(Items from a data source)

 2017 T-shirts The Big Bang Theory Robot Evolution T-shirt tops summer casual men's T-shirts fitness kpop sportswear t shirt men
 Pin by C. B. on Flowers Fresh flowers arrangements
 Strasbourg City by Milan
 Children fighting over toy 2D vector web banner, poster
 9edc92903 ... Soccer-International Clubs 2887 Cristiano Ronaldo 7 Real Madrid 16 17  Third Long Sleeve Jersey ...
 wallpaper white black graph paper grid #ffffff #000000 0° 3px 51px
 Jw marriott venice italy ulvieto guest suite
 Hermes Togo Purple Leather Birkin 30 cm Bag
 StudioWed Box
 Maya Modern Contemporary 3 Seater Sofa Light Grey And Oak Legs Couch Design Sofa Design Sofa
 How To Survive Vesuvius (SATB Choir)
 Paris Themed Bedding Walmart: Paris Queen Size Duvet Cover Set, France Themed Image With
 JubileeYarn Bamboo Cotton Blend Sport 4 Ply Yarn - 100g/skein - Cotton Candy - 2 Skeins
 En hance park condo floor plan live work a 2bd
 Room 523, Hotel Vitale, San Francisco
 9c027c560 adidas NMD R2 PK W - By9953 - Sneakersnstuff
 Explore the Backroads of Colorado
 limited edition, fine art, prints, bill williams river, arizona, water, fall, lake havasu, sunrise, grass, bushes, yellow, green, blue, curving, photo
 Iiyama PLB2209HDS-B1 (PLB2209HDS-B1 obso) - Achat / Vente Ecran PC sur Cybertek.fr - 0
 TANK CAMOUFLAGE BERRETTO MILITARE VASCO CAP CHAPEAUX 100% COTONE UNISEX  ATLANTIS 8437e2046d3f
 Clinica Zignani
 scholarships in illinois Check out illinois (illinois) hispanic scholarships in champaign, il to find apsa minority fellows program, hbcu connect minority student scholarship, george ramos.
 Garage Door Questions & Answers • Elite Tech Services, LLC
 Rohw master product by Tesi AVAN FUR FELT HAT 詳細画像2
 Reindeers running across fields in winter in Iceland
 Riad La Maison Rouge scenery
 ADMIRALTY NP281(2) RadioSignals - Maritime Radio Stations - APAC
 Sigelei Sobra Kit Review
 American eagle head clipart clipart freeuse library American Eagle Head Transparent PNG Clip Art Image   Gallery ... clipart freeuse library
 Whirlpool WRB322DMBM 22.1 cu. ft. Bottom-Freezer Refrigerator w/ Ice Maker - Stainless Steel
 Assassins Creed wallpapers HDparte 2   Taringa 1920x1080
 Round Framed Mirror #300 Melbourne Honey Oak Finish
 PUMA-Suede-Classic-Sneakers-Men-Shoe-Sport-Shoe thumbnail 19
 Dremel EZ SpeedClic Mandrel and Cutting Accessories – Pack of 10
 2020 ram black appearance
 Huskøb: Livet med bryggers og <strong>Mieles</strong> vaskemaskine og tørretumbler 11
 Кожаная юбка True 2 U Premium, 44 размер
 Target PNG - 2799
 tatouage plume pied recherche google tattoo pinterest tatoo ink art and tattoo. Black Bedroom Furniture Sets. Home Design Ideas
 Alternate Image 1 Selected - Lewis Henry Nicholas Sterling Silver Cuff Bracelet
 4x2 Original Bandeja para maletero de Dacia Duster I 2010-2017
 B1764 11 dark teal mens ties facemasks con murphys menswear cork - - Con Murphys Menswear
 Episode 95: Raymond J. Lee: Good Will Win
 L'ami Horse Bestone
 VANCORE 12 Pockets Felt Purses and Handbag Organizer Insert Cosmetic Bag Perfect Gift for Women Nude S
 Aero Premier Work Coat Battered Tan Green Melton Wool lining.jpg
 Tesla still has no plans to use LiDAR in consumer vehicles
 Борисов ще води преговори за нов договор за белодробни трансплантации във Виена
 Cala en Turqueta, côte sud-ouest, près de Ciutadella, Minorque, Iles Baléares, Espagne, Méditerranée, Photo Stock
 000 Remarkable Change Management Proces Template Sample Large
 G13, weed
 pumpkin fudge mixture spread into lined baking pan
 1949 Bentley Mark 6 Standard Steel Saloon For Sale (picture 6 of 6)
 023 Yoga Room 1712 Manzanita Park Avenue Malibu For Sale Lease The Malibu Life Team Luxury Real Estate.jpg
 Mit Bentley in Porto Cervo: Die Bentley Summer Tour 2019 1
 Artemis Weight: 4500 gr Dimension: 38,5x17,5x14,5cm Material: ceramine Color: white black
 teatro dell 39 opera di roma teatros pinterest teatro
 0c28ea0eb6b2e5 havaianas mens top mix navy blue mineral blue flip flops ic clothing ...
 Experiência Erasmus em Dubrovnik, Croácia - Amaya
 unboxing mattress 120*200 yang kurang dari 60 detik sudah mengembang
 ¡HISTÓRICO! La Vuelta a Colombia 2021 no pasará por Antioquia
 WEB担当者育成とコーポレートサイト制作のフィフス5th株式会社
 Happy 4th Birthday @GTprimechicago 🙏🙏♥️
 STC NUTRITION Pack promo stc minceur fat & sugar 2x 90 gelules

■ Work request ■
Set down exactly the lines that begin the records and continue through the line bearing "limited edition, fine"; include both ends.

■ Response to the task ■
 2017 T-shirts The Big Bang Theory Robot Evolution T-shirt tops summer casual men's T-shirts fitness kpop sportswear t shirt men
 Pin by C. B. on Flowers Fresh flowers arrangements
 Strasbourg City by Milan
 Children fighting over toy 2D vector web banner, poster
 9edc92903 ... Soccer-International Clubs 2887 Cristiano Ronaldo 7 Real Madrid 16 17  Third Long Sleeve Jersey ...
 wallpaper white black graph paper grid #ffffff #000000 0° 3px 51px
 Jw marriott venice italy ulvieto guest suite
 Hermes Togo Purple Leather Birkin 30 cm Bag
 StudioWed Box
 Maya Modern Contemporary 3 Seater Sofa Light Grey And Oak Legs Couch Design Sofa Design Sofa
 How To Survive Vesuvius (SATB Choir)
 Paris Themed Bedding Walmart: Paris Queen Size Duvet Cover Set, France Themed Image With
 JubileeYarn Bamboo Cotton Blend Sport 4 Ply Yarn - 100g/skein - Cotton Candy - 2 Skeins
 En hance park condo floor plan live work a 2bd
 Room 523, Hotel Vitale, San Francisco
 9c027c560 adidas NMD R2 PK W - By9953 - Sneakersnstuff
 Explore the Backroads of Colorado
 limited edition, fine art, prints, bill williams river, arizona, water, fall, lake havasu, sunrise, grass, bushes, yellow, green, blue, curving, photo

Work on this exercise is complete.